■ **Provided records**

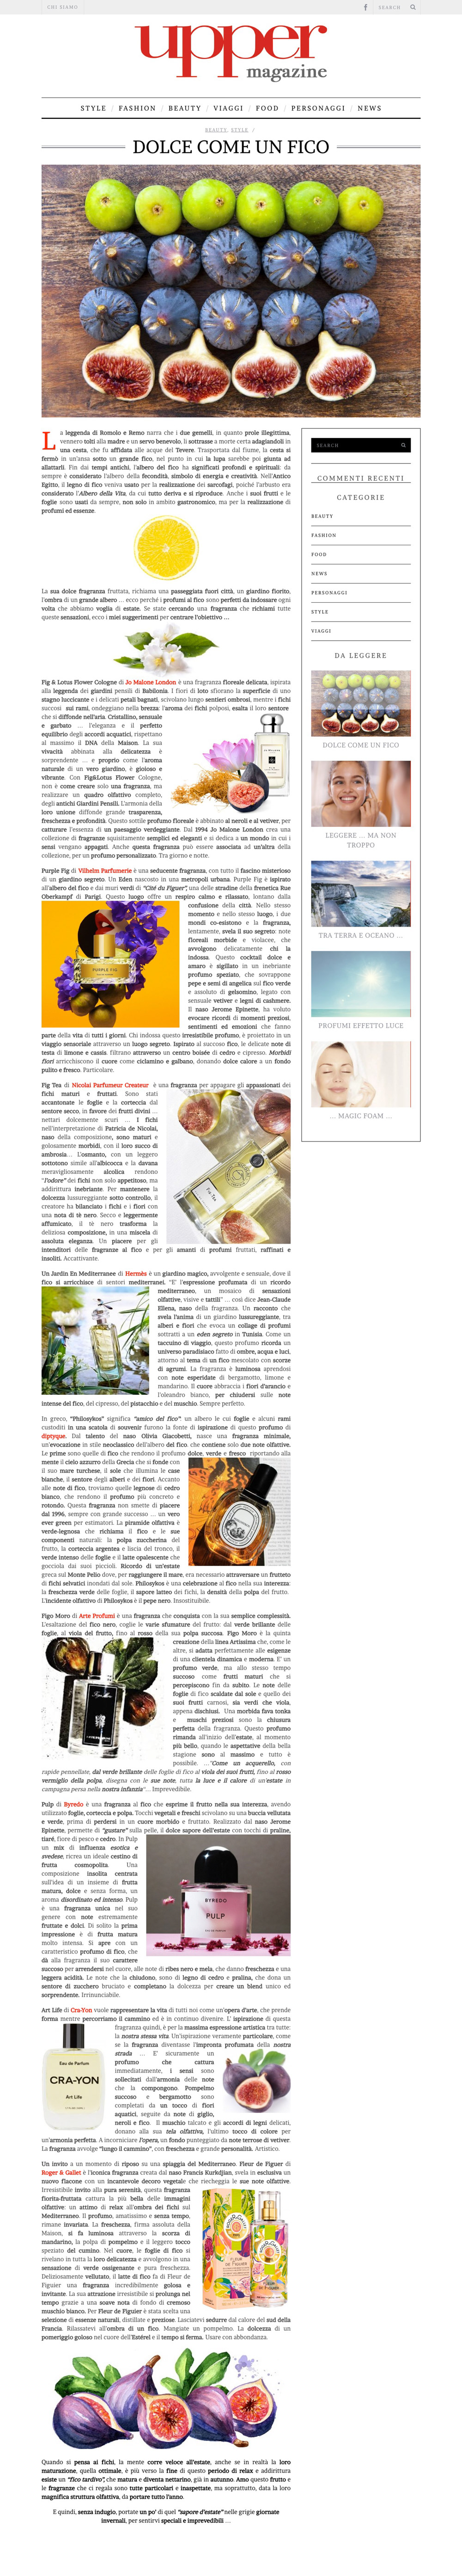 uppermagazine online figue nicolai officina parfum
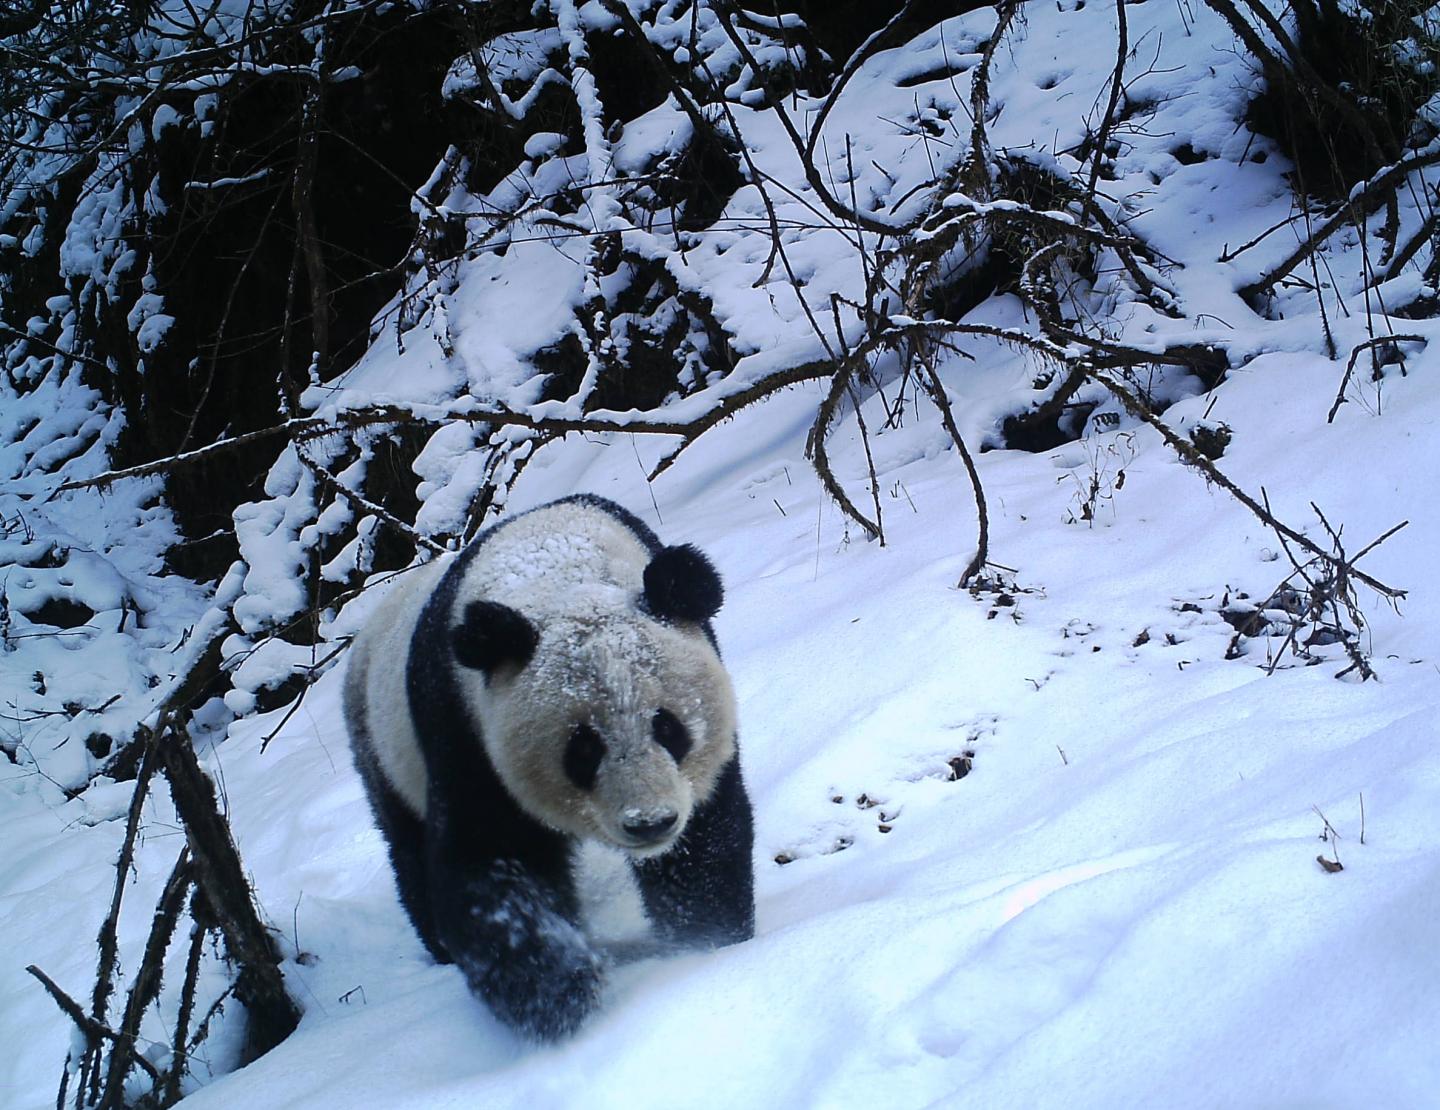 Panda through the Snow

==

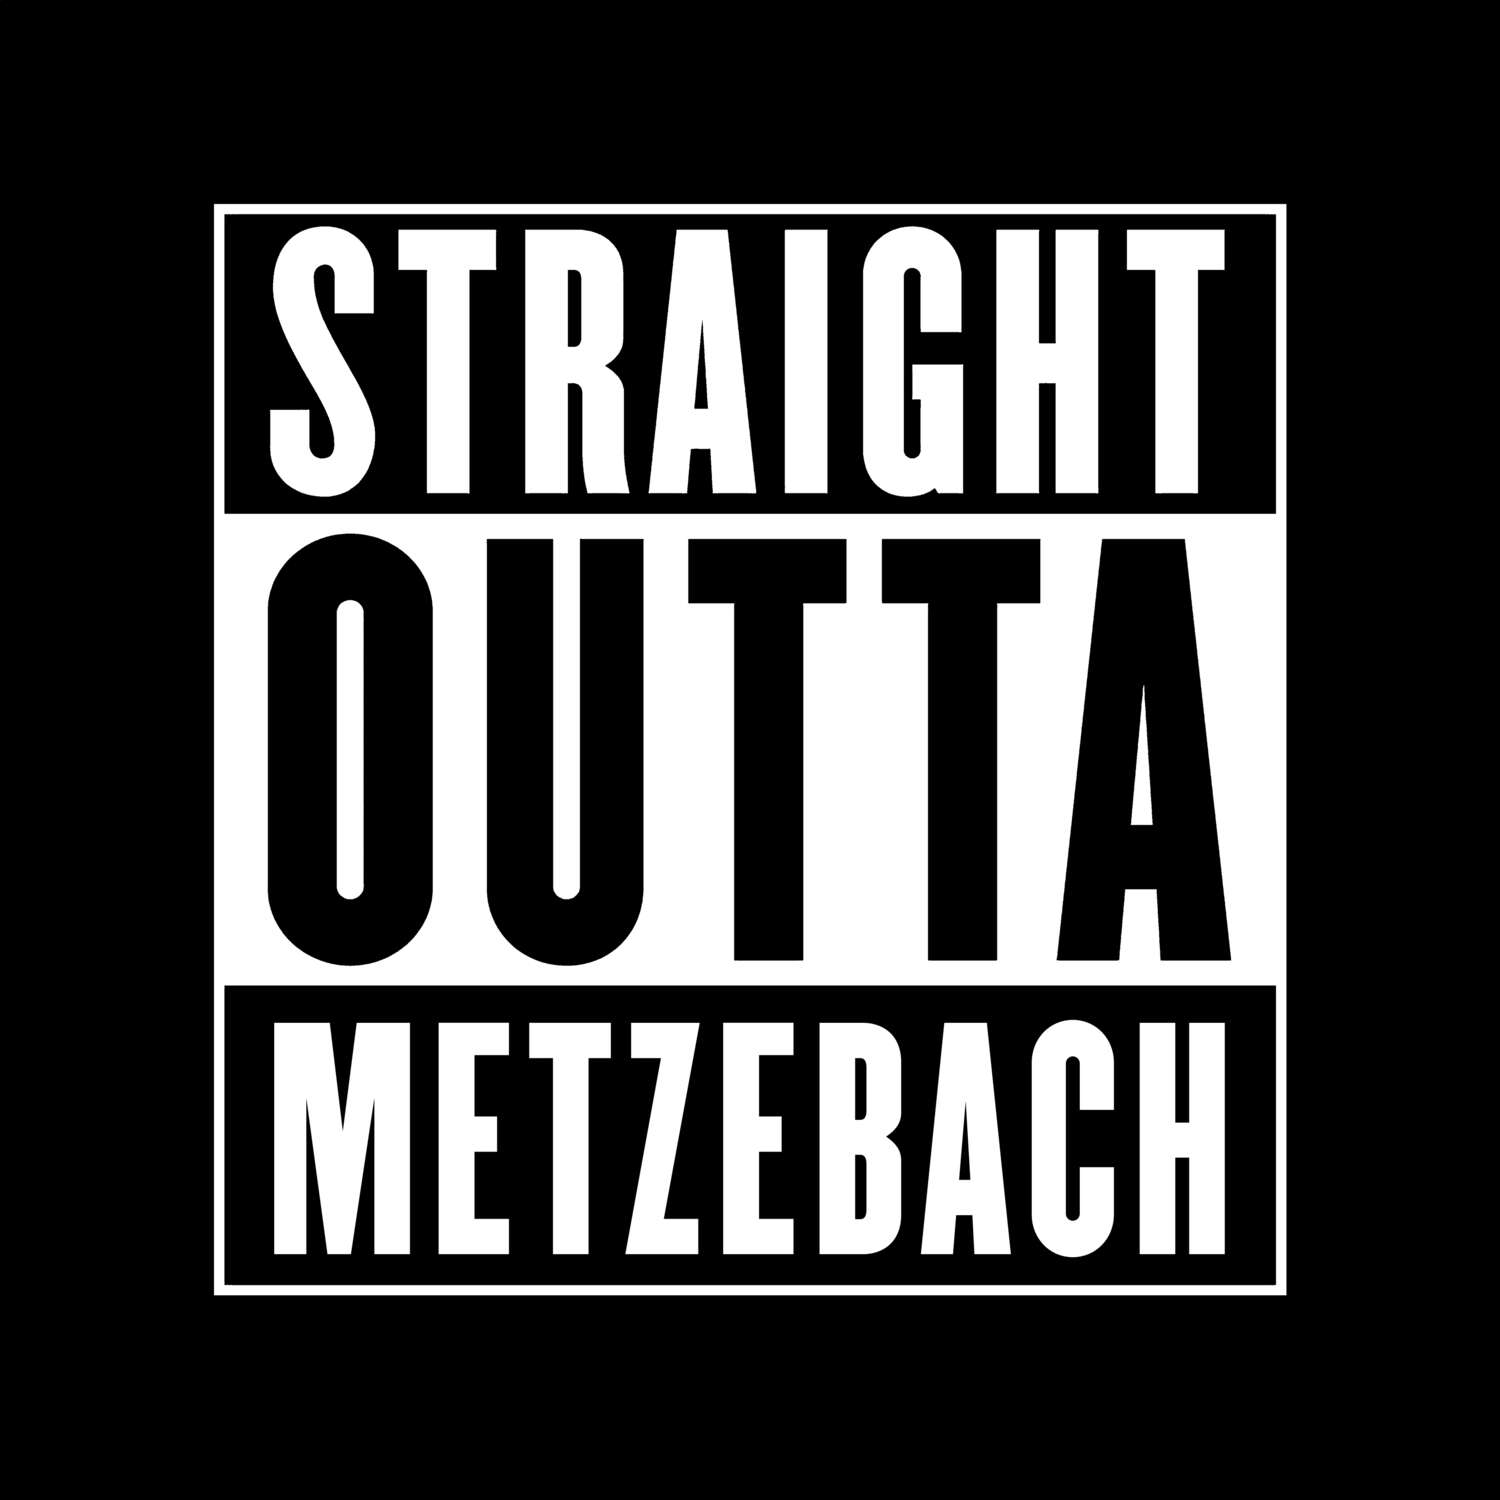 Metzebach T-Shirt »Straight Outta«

■ **Your assignment**
Look above for the line containing "uppermagazine online figue", then copy exactly from it through the line containing "Panda through the Snow", keeping both and leaving out pictures. Add nothing else.

■ **Answer**
 uppermagazine online figue nicolai officina parfum
 Panda through the Snow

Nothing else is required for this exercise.